Differential Regulation of Mouse Kidney Sodium-Dependent Transporters mRNA by Cadmium

Abstract

Chronic exposure to cadmium can result in renal glycosuria. Previously, we reported that cadmium reduced the relative abundance of the sodium-glucose cotransporter mRNA (Blumenthal et al., Toxicol. Appl. Pharmacol.149, 49–54, 1998). To investigate this phenomenon further, we isolated full-length cDNA clones encoding both high- and low-affinity sodium-dependent glucose transporters SGLT1 and SGLT2, respectively, from cultured mouse kidney cortical cells. We also amplified a fragment of another putative sodium–glucose cotransporter with homology to the known SAAT1/pSGLT2 or SGLT3 from our cultured cells and named it SGLT3. In order to examine the effect of cadmium on these transporters, primary cultures of mouse kidney cortical cells were exposed to micromolar concentrations of cadmium for 24 h and levels of SGLT1, SGLT2, and SGLT3 mRNA were determined by semiquantitative RT–PCR. Five to 10 μM of cadmium inhibited sodium-dependent uptake of the glucose analog, α-methyl d-glucopyranoside and progressively reduced the level of SGLT1. Cadmium also inhibited SGLT2 mRNA by 37%, but no further decline was observed at concentrations of cadmium greater than 5 μM. While cadmium inhibited SGLT1 and SGLT2, it significantly stimulated the expression of SGLT3 by fivefold.
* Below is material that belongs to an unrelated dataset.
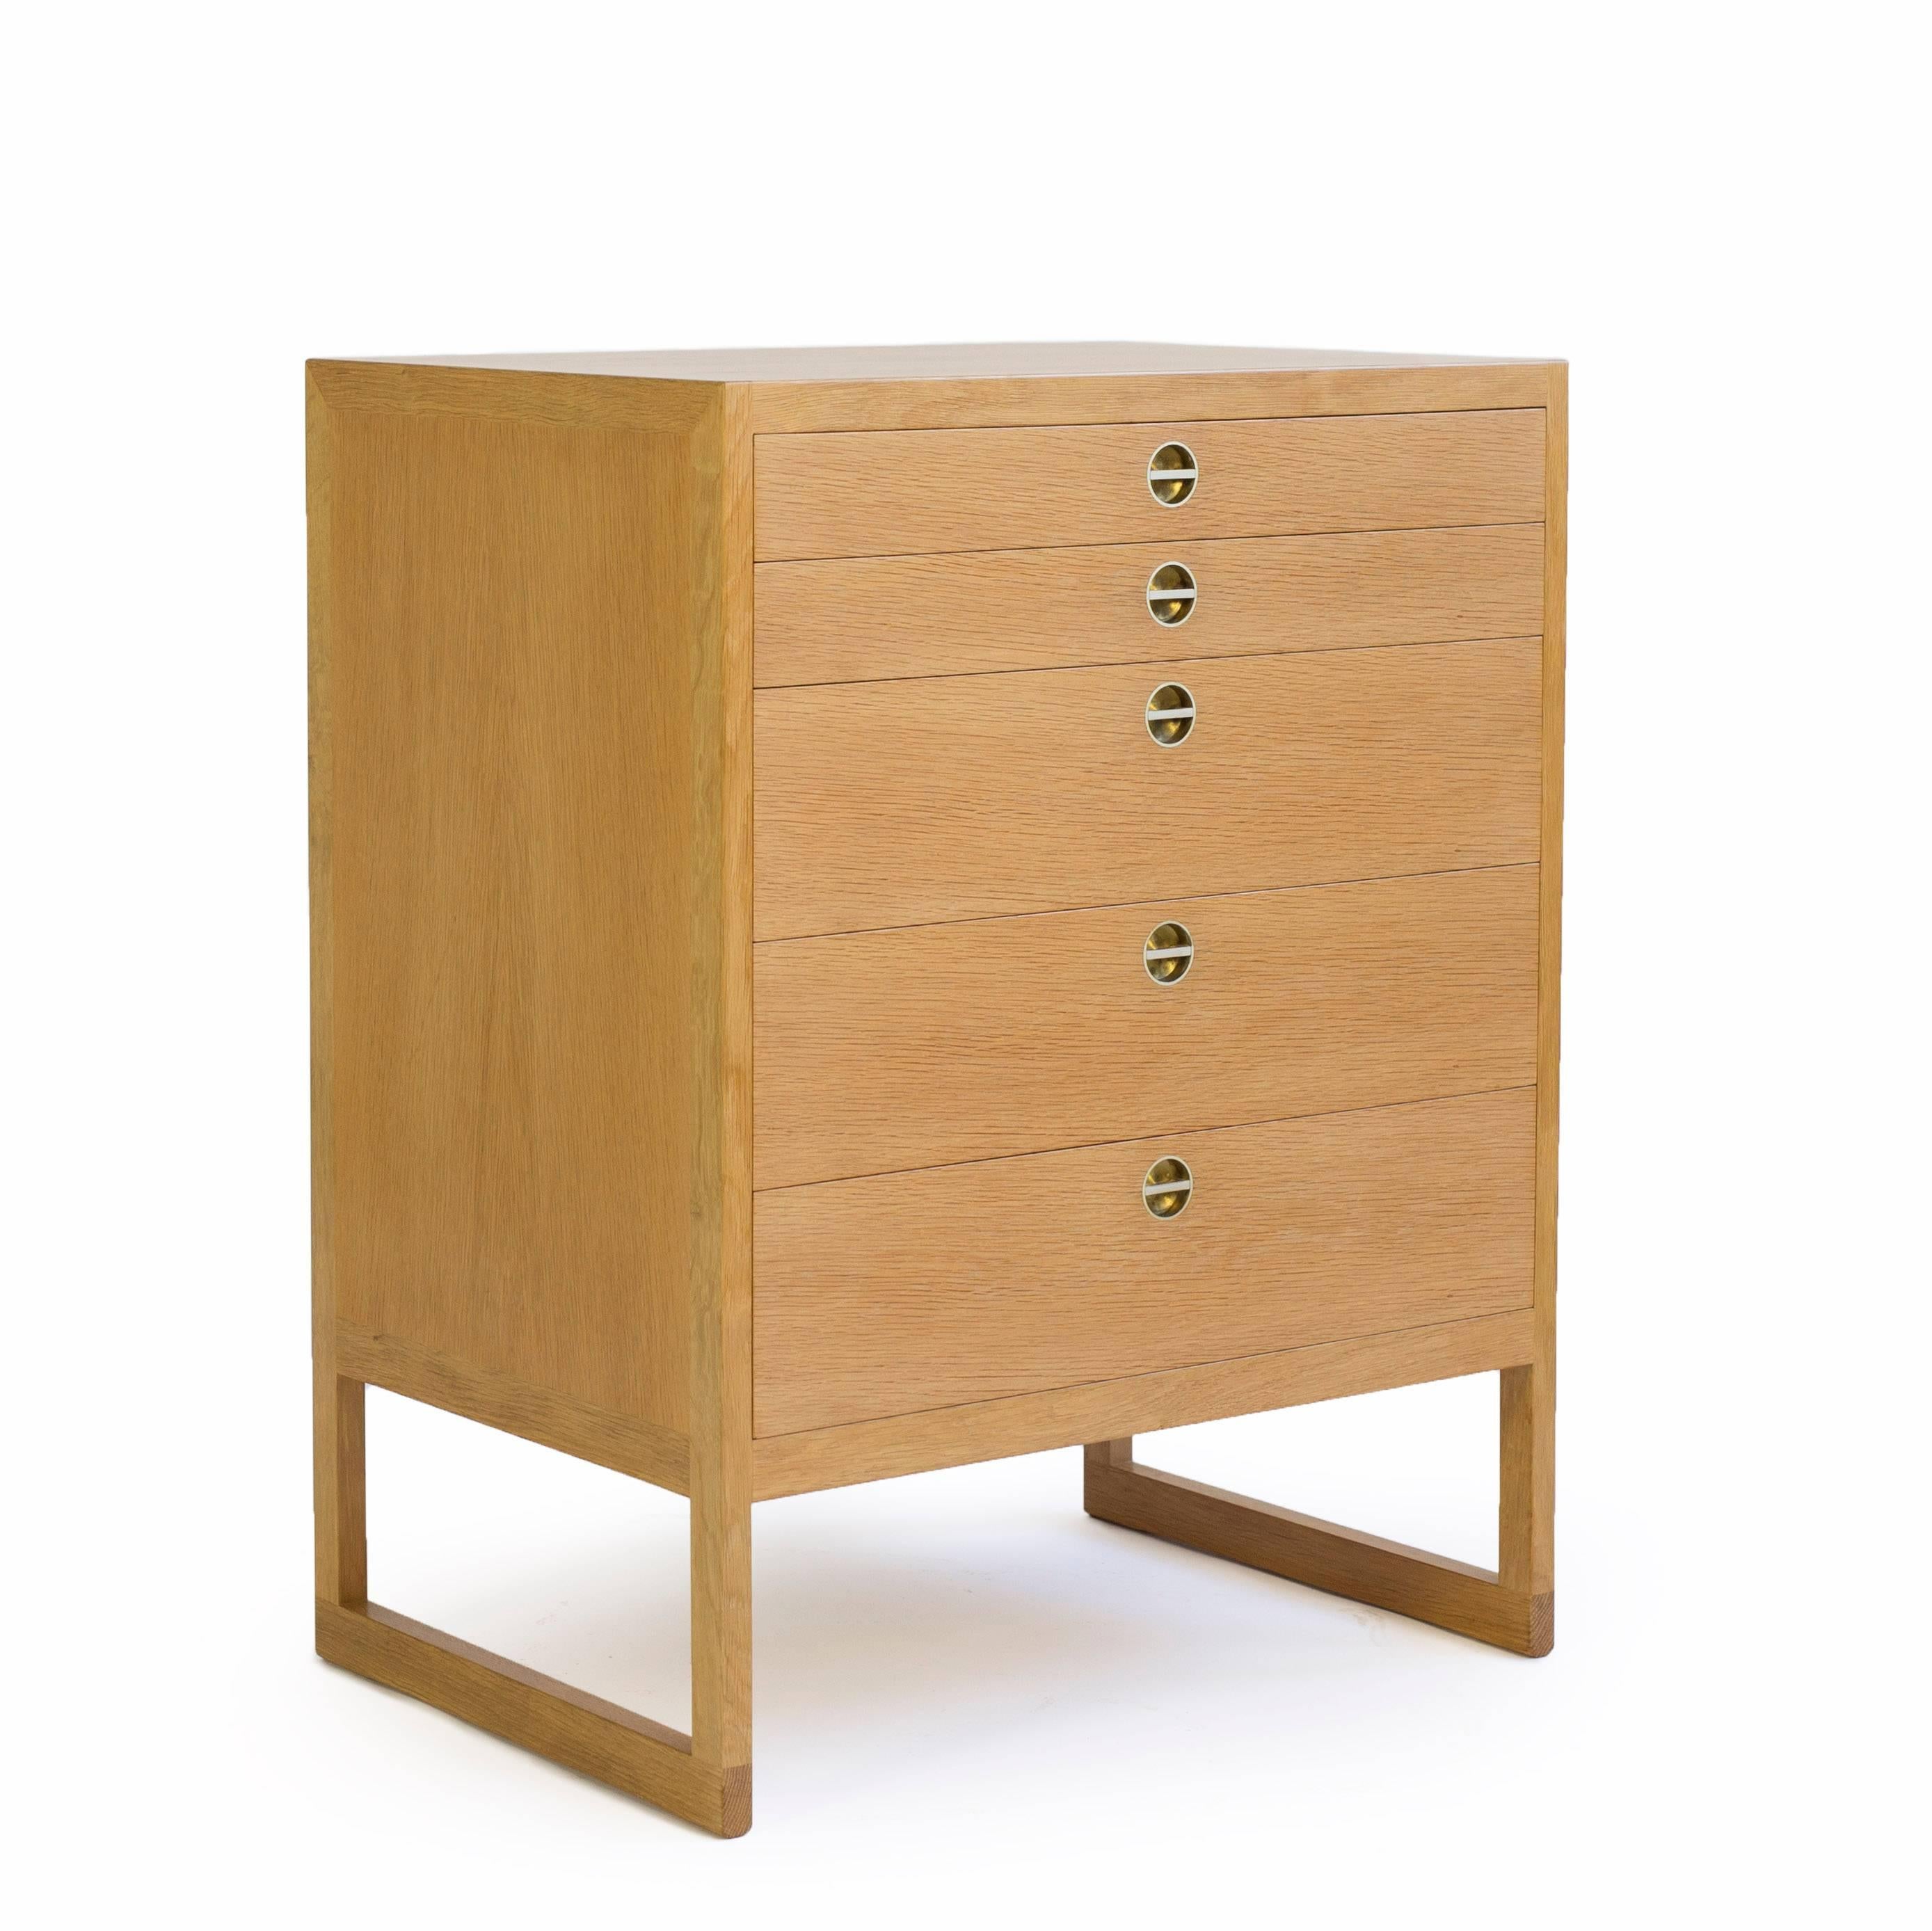 A Børge Mogensen oak chest of five drawers with brass handles. 

Designed by Børge Mogensen 1957, manufactured by cabinetmaker P. Lauritsen & Son, Denmark.

These results imply that individual sodium–glucose cotransporter mRNA species are not regulated in a similar fashion. In addition, the isolation of three separate SGLT species from these cultures suggests that, in addition to SGLT1 and SGLT2, glucose reabsorption by renal epithelial cells might involve additional glucose transporters such as SGLT3.